• **INSTRUCTIONS TO FOLLOW**
Please print every record below exactly as it reads.

[Extracted data entries]
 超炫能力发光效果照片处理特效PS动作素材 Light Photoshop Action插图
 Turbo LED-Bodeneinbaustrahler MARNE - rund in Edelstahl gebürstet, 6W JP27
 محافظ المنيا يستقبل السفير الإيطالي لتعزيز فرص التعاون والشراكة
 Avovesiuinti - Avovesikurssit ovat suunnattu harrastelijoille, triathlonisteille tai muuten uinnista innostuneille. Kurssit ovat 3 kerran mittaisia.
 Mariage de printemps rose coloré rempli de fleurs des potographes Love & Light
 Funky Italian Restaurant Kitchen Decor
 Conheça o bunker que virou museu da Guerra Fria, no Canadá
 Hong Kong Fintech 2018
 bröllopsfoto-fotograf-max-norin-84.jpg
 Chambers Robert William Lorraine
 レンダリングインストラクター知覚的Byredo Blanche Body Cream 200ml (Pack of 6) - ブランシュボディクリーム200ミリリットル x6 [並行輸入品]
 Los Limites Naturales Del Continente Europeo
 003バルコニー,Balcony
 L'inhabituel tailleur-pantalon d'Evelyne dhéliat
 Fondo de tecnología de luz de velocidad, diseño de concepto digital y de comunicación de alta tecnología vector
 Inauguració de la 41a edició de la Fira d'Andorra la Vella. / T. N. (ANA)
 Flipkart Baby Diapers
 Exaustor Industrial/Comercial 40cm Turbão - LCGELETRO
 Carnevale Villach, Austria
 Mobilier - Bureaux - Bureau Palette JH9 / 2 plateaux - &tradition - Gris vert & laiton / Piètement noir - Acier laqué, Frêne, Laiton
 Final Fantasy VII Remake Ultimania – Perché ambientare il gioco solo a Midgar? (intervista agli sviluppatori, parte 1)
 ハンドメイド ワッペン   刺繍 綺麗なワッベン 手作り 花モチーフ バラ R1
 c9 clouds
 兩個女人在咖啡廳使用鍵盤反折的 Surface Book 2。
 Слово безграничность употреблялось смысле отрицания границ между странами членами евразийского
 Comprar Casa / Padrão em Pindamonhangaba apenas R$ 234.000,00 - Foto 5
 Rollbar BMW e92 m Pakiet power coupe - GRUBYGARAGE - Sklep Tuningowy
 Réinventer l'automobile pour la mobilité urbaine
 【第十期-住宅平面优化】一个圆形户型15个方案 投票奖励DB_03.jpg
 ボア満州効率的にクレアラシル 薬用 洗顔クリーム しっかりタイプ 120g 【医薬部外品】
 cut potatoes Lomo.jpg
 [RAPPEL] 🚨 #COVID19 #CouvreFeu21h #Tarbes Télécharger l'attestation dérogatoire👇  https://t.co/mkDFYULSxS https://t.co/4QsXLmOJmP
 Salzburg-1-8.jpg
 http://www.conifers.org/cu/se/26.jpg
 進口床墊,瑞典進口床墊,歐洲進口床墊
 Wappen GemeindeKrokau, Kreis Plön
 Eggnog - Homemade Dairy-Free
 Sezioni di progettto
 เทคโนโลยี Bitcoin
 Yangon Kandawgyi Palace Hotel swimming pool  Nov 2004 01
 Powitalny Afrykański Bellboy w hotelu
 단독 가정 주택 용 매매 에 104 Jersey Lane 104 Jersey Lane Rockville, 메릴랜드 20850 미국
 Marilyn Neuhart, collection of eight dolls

• **OUTPUT BELOW**
 超炫能力发光效果照片处理特效PS动作素材 Light Photoshop Action插图
 Turbo LED-Bodeneinbaustrahler MARNE - rund in Edelstahl gebürstet, 6W JP27
 محافظ المنيا يستقبل السفير الإيطالي لتعزيز فرص التعاون والشراكة
 Avovesiuinti - Avovesikurssit ovat suunnattu harrastelijoille, triathlonisteille tai muuten uinnista innostuneille. Kurssit ovat 3 kerran mittaisia.
 Mariage de printemps rose coloré rempli de fleurs des potographes Love & Light
 Funky Italian Restaurant Kitchen Decor
 Conheça o bunker que virou museu da Guerra Fria, no Canadá
 Hong Kong Fintech 2018
 bröllopsfoto-fotograf-max-norin-84.jpg
 Chambers Robert William Lorraine
 レンダリングインストラクター知覚的Byredo Blanche Body Cream 200ml (Pack of 6) - ブランシュボディクリーム200ミリリットル x6 [並行輸入品]
 Los Limites Naturales Del Continente Europeo
 003バルコニー,Balcony
 L'inhabituel tailleur-pantalon d'Evelyne dhéliat
 Fondo de tecnología de luz de velocidad, diseño de concepto digital y de comunicación de alta tecnología vector
 Inauguració de la 41a edició de la Fira d'Andorra la Vella. / T. N. (ANA)
 Flipkart Baby Diapers
 Exaustor Industrial/Comercial 40cm Turbão - LCGELETRO
 Carnevale Villach, Austria
 Mobilier - Bureaux - Bureau Palette JH9 / 2 plateaux - &tradition - Gris vert & laiton / Piètement noir - Acier laqué, Frêne, Laiton
 Final Fantasy VII Remake Ultimania – Perché ambientare il gioco solo a Midgar? (intervista agli sviluppatori, parte 1)
 ハンドメイド ワッペン   刺繍 綺麗なワッベン 手作り 花モチーフ バラ R1
 c9 clouds
 兩個女人在咖啡廳使用鍵盤反折的 Surface Book 2。
 Слово безграничность употреблялось смысле отрицания границ между странами членами евразийского
 Comprar Casa / Padrão em Pindamonhangaba apenas R$ 234.000,00 - Foto 5
 Rollbar BMW e92 m Pakiet power coupe - GRUBYGARAGE - Sklep Tuningowy
 Réinventer l'automobile pour la mobilité urbaine
 【第十期-住宅平面优化】一个圆形户型15个方案 投票奖励DB_03.jpg
 ボア満州効率的にクレアラシル 薬用 洗顔クリーム しっかりタイプ 120g 【医薬部外品】
 cut potatoes Lomo.jpg
 [RAPPEL] 🚨 #COVID19 #CouvreFeu21h #Tarbes Télécharger l'attestation dérogatoire👇  https://t.co/mkDFYULSxS https://t.co/4QsXLmOJmP
 Salzburg-1-8.jpg
 http://www.conifers.org/cu/se/26.jpg
 進口床墊,瑞典進口床墊,歐洲進口床墊
 Wappen GemeindeKrokau, Kreis Plön
 Eggnog - Homemade Dairy-Free
 Sezioni di progettto
 เทคโนโลยี Bitcoin
 Yangon Kandawgyi Palace Hotel swimming pool  Nov 2004 01
 Powitalny Afrykański Bellboy w hotelu
 단독 가정 주택 용 매매 에 104 Jersey Lane 104 Jersey Lane Rockville, 메릴랜드 20850 미국
 Marilyn Neuhart, collection of eight dolls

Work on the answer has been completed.